2021-07-01 Thread Enrico Schumann
On Thu, 01 Jul 2021, Jeremie Juste writes:

> Hello 
>
> On Thursday,  1 Jul 2021 at 08:25, PIKAL Petr wrote:
>> Hm.
>>
>> Seems to me, that both your codes are wrong but printing in Linux is
>> different from Windows.
>>
>> With
>> as.Date("20-12-2020","%Y-%m-%d")
>> you say that 20 is year (actually year 20) and 2020 is day and only first
>> two values are taken (but with some valueas result is NA)
>>
>> I can confirm 4.0.3 in Windows behaves this way too.
>>> as.Date("20-12-2020","%Y-%m-%d")
>> [1] "0020-12-20"
>
> Many thanks for confirming this.
>
>
> On Thursday,  1 Jul 2021 at 18:22, Jim Lemon wrote:
>> Hi Jeremie,
>> Try:
>>
>> as.Date("20-12-2020","%y-%m-%d")
>> [1] "2020-12-20"
>
> Thanks for this info. I'm looking for something that produce NA if the
> date is not exactly in the specified format so that it can be
> corrected. I was relying on the format parameter of the date for that.
>
> The issue is that there can be so many variations in date format that for the 
> time
> being I still find it easier to delegate the correction to the user.
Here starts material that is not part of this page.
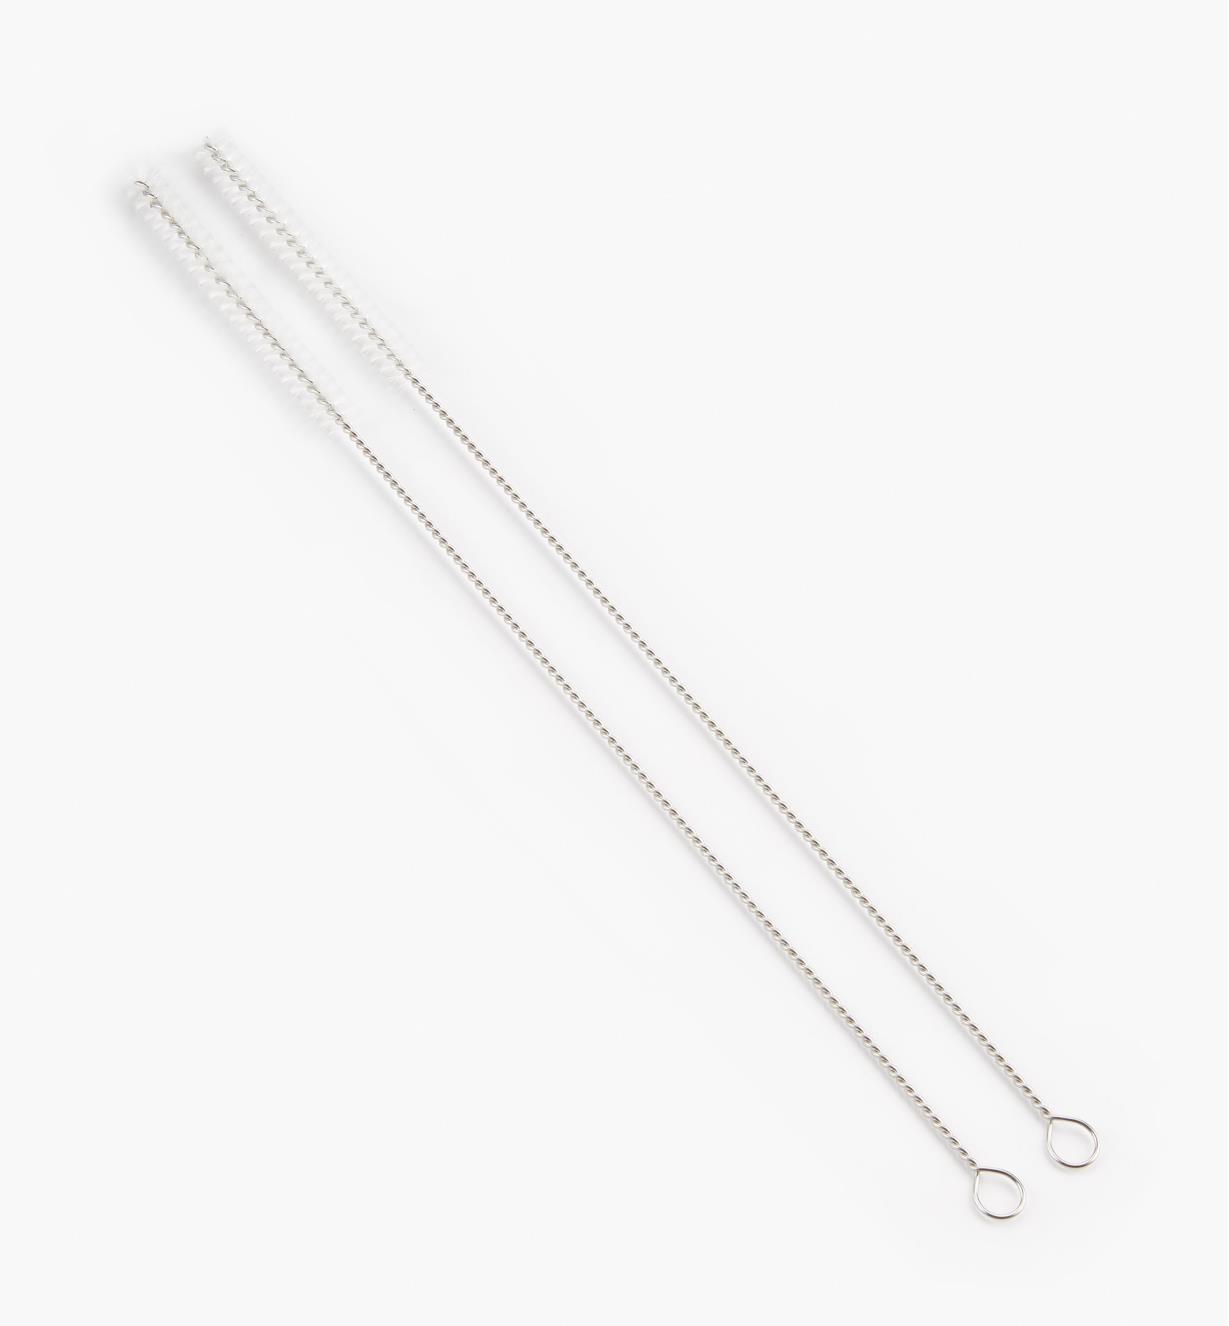 DB406 - Straw Brushes, set of 2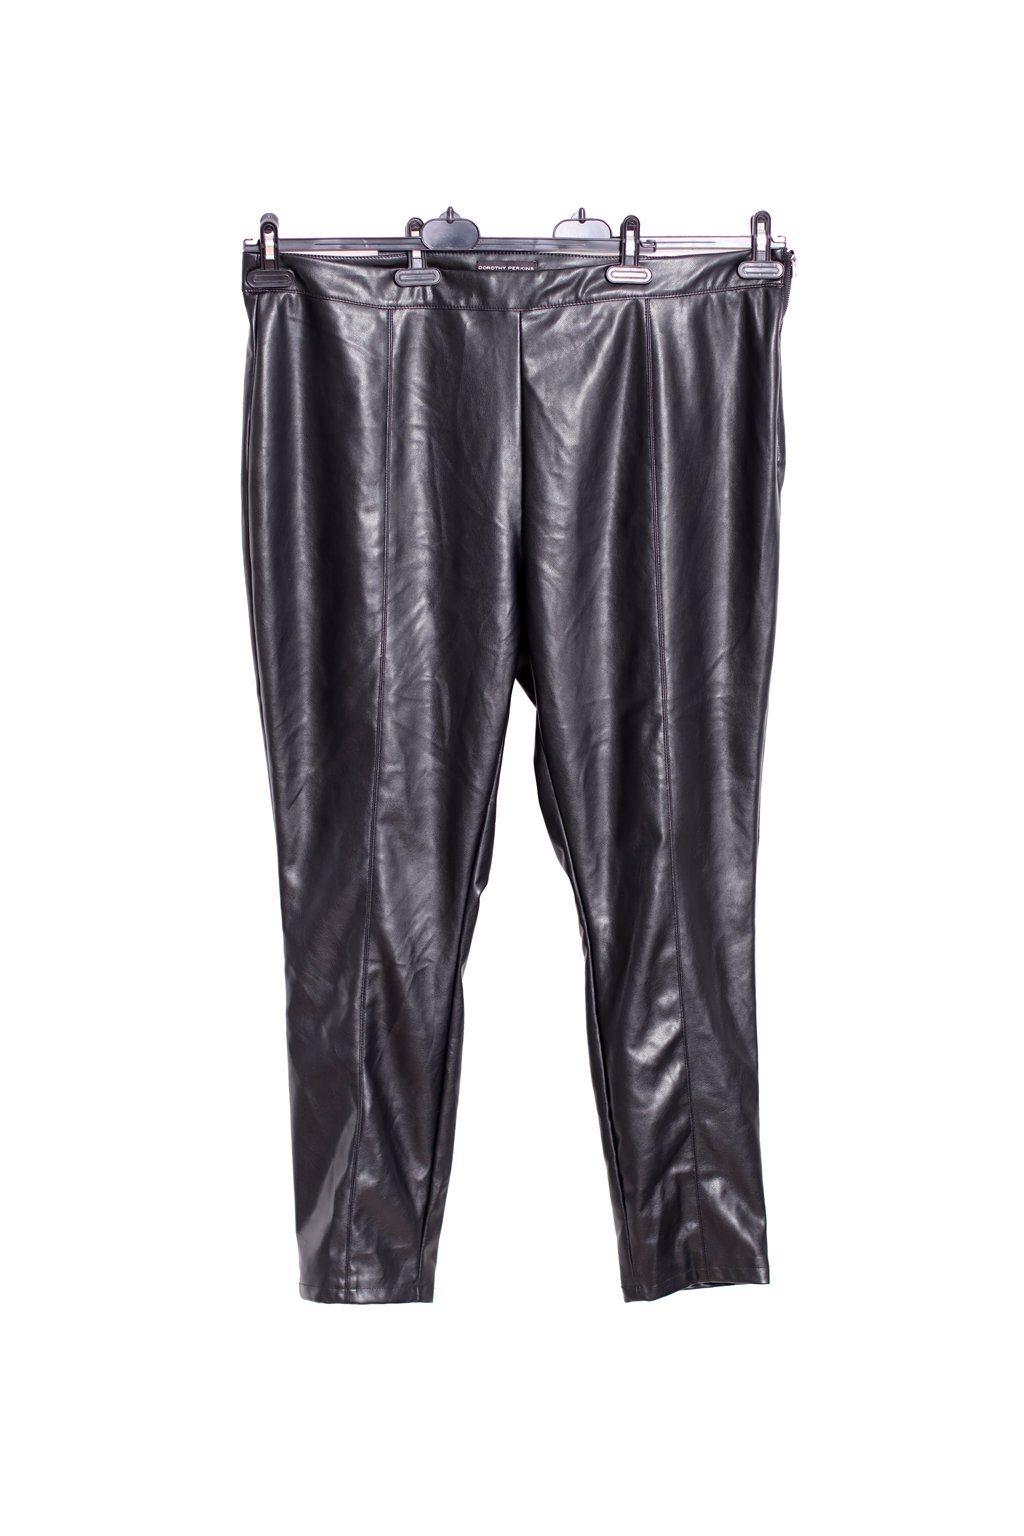 Dámské černé koženkové elastické kalhoty / Dorothy Perkins / XXXXL (52) / ANGLIE

A
> particular nasty case is when there are multiple date format in the same
> column.
>
>
> Best regards,
> Jeremie
>

You could explicitly test whether the specified format
is as expcected, perhaps with a regex such as

s <- c("2020-01-20", "20-12-2020")
grepl("^[0-9][0-9][0-9][0-9]-[0-9][0-9]-[0-9][0-9]$", s)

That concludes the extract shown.